The World Health Organization has predicted that the number of individuals 60 years of age and over will increase from 605 million in 2000 to 2 billion in 2050 and that there will be about 400 million people aged 80 and older. Since age is the biggest risk factor for Alzheimer’s disease (AD), there will be a consequent increase in the number of sufferers with the associated increase in costs; the current cost of Alzheimer’s care in Ireland is around €400 million per annum. Current treatments for AD are largely ineffective as the disease state has progressed too far by the time the major symptoms, which include memory loss, language deterioration and loss of cognitive function, have presented. Developing a biomarker, that indicates very early changes in cognitive function which may be indicative of developing AD, would permit early intervention and the potential to slow the progression of the disease.

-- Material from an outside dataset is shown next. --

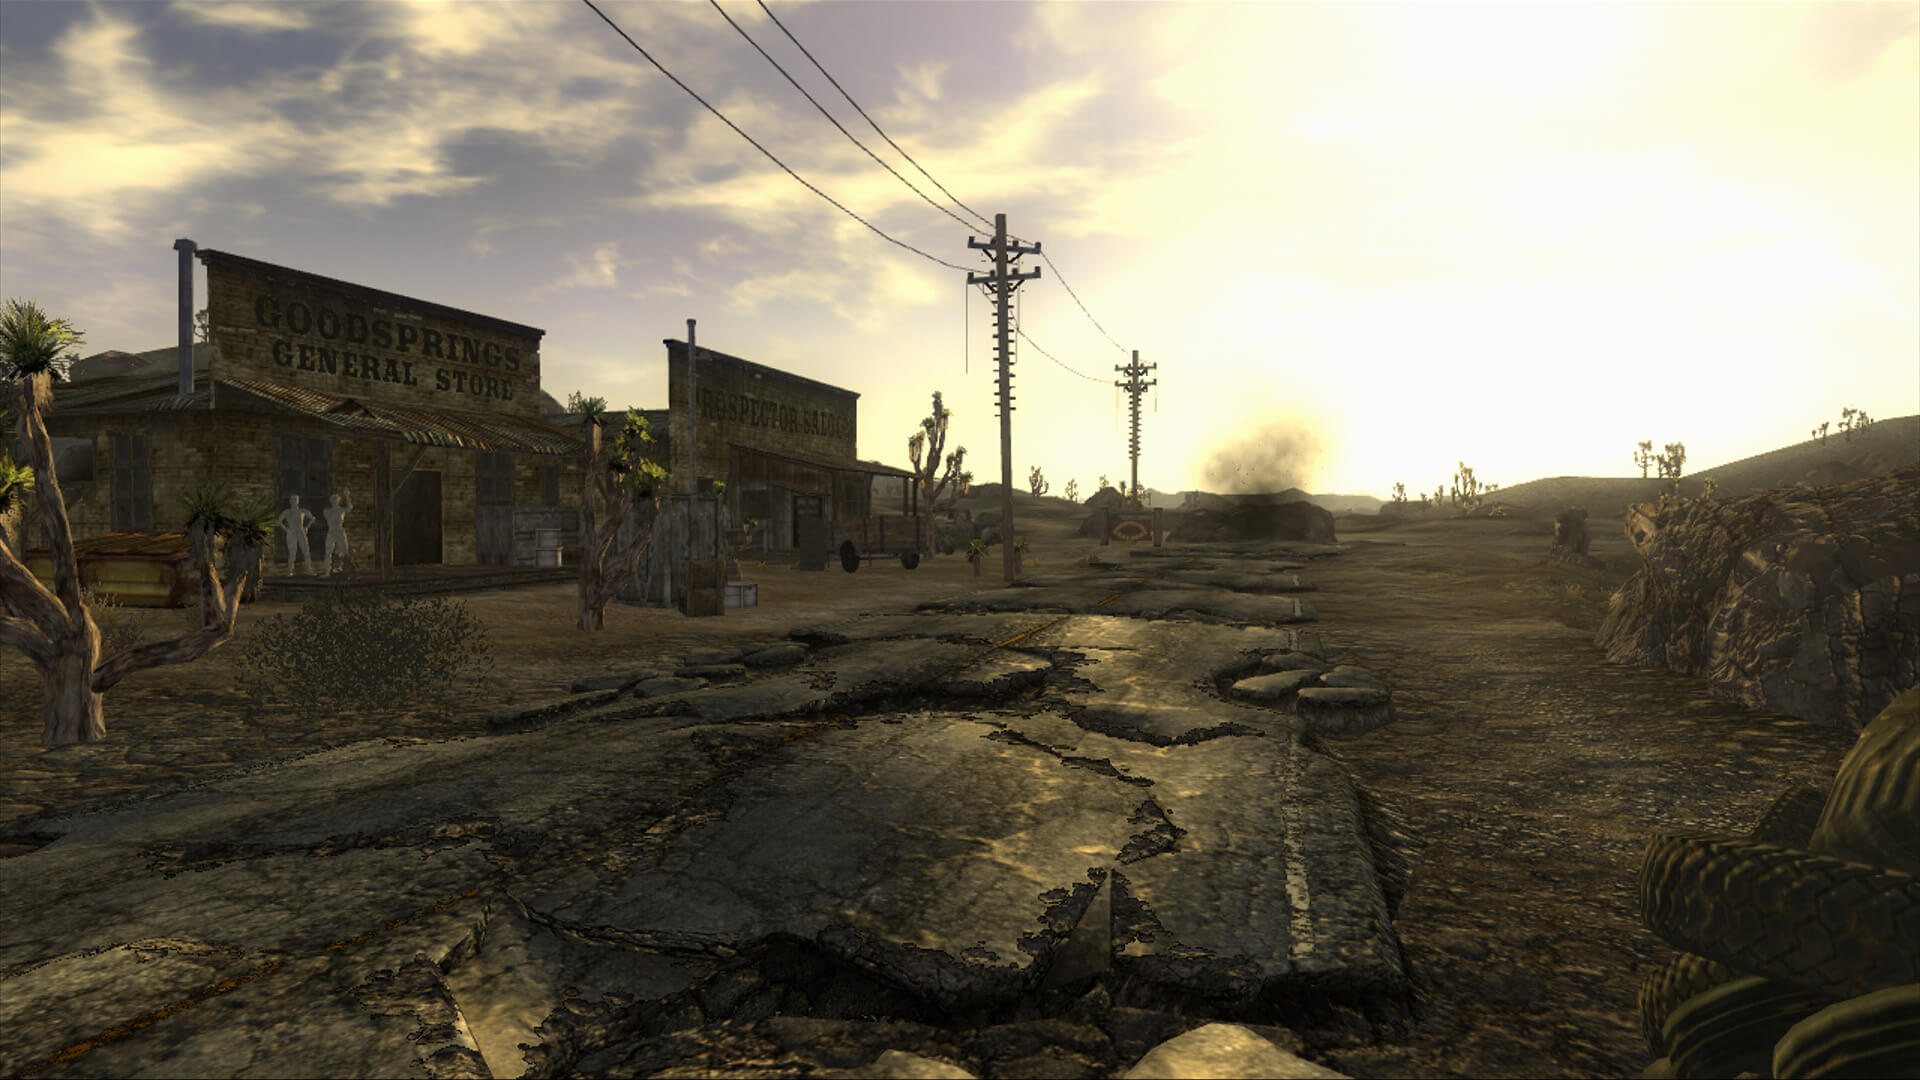 Epic游戏商城5月26日《Fallout: New Vegas终极版》免费领取地址

Current biomarkers rely on analysis of cerebrospinal fluid (CSF) or image analysis using magnetic resonance imaging (MRI), neither of which fulfills the criteria required of the ideal marker which is blood-based, suitable for repeated sampling and for routine use and inexpensive.
We have previously identified a potential biomarker of cognitive decline by evaluating the effect of plasma from a group with cognitive decline compared with a control group. The aim of this study is to assess the reproducibility of this marker in samples prepared from a new cohort.